Keywords
coronavirus disease 2019 - severe acute respiratory syndrome coronavirus 2 - predictors in reflection of the severity in Covid 19 patients
Introduction
In Wuhan, Hubei Province, China, in December 2019, a COVID-19 outbreak caused by the 2019 novel severe acute respiratory syndrome coronavirus 2 (SARS-CoV-2) occurred. Coronaviruses are a large family of viruses. It has been found that people are commonly infected with 4 human coronaviruses: 229E, NL63, OC43, and HKU1. Middle East respiratory syndrome (MERS), severe acute respiratory syndrome (SARS), and the most recently discovered coronavirus disease 2019 (COVID-19) cause infectious disease, including severe acute respiratory syndrome coronavirus 2 (SARS-CoV-2).[1] COVID-19 is highly transmittable, mainly through contact with respiratory droplets. In addition, the virus can spread when small droplets released from the upper respiratory tract secretions of an infected individual land on surfaces and then individuals touch these surfaces and then, subsequently, touch their eyes, nose, or mouth.[2] The virus is also shed for an extended period in fecal matter.

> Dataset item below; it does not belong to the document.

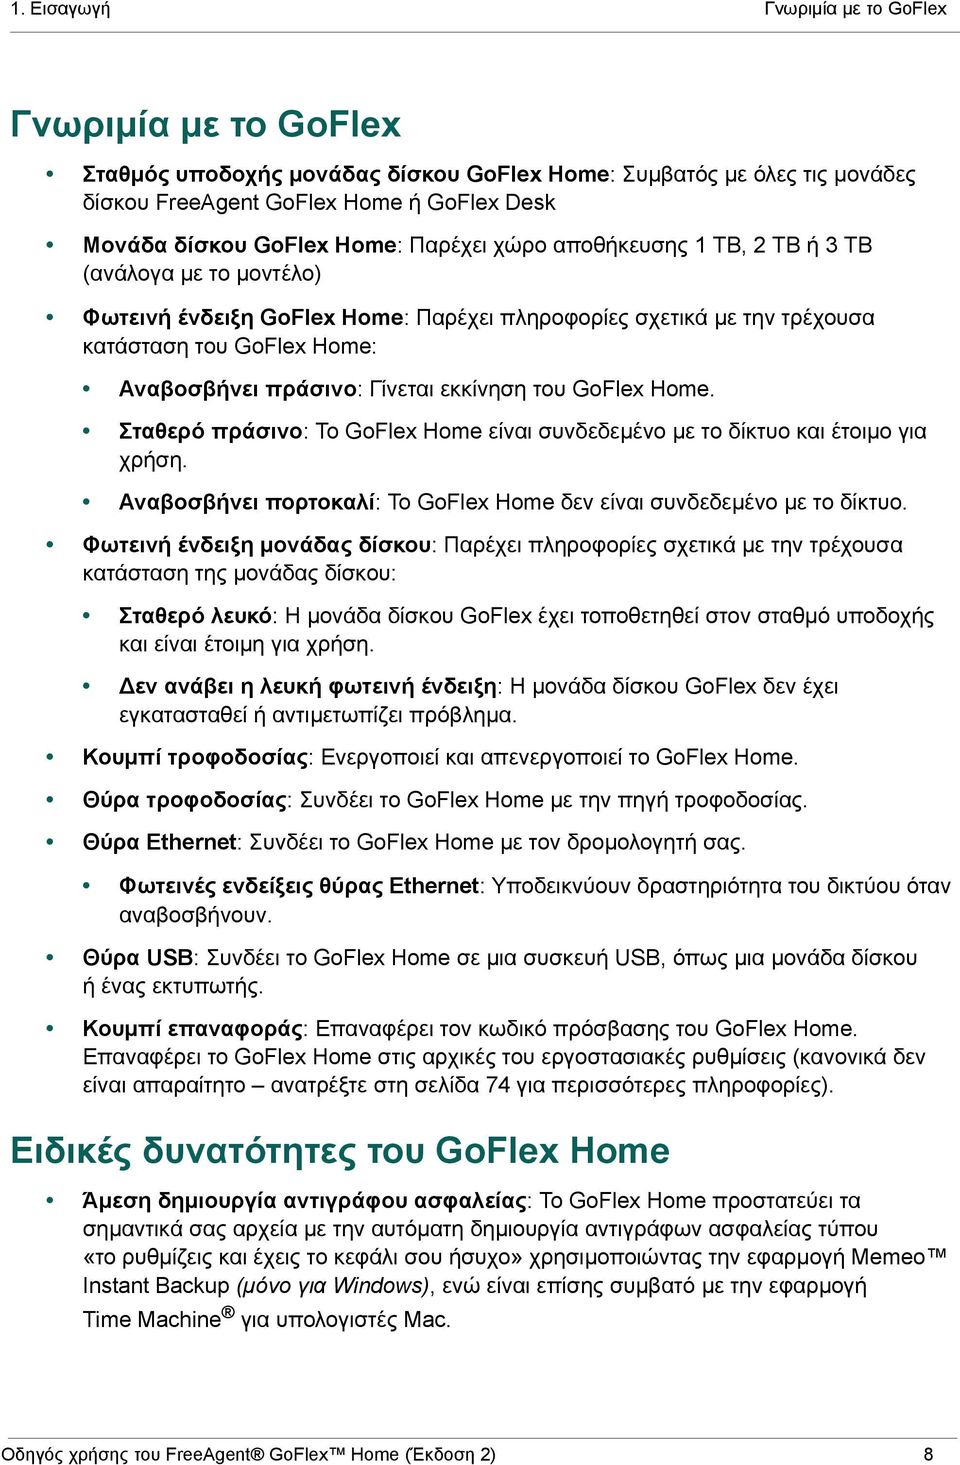 εκκίνηση του GoFlex Home. Σταθερό πράσινο: Το GoFlex Home είναι συνδεδεμένο με το δίκτυο και έτοιμο για χρήση. Αναβοσβήνει πορτοκαλί: Το GoFlex Home δεν είναι συνδεδεμένο με το δίκτυο.

The typical clinical manifestations of COVID-19 include fever, cough, and pneumonia, which can eventually lead to more severe respiratory failure and acute respiratory distress syndrome (ARDS). In addition, gastrointestinal manifestations include nausea and vomiting, abdominal pain, anorexia, and diarrhea in some cases, which can be explained by an abundant expression of Angiotensin-Converting Enzyme 2 (ACE2) in the epithelial cells of the gastrointestinal (GI) tract and the tissue distribution of ACE2 in the human body may also suggest potential infection routes and targets of SARS-CoV-2.[3] In ∼ 50% of patients, COVID-19 RNA was detected in feces. The virus may actively infect cells of the GI tract, replicating itself in the epithelium of the small and large intestines, which causes an excessive immunological reaction. The immunological reaction results in the production of numerous cytokines, including interleukin 6 (IL-6), tumor necrosis factor α (TNF-α), and interferon α (INF-α), by activated leukocytes and neutrophils. Acute liver injury in healthy individuals has been reported in a few studies. Mortality from COVID-19 was particularly high among patients with more advanced cirrhosis and those with alcohol-related liver disease.[4]
[5]
[6]
Calprotectin is a calcium- and zinc-binding protein of the S-100 family of proteins. It is widely considered as a useful tool for identifying damage to the intestinal mucosa. In fact, calprotectin is useful for the diagnosis of any organic intestinal disease that causes inflammation of the intestinal wall. The expression of calprotectin is mainly restricted to the intracellular compartment of neutrophils.[7]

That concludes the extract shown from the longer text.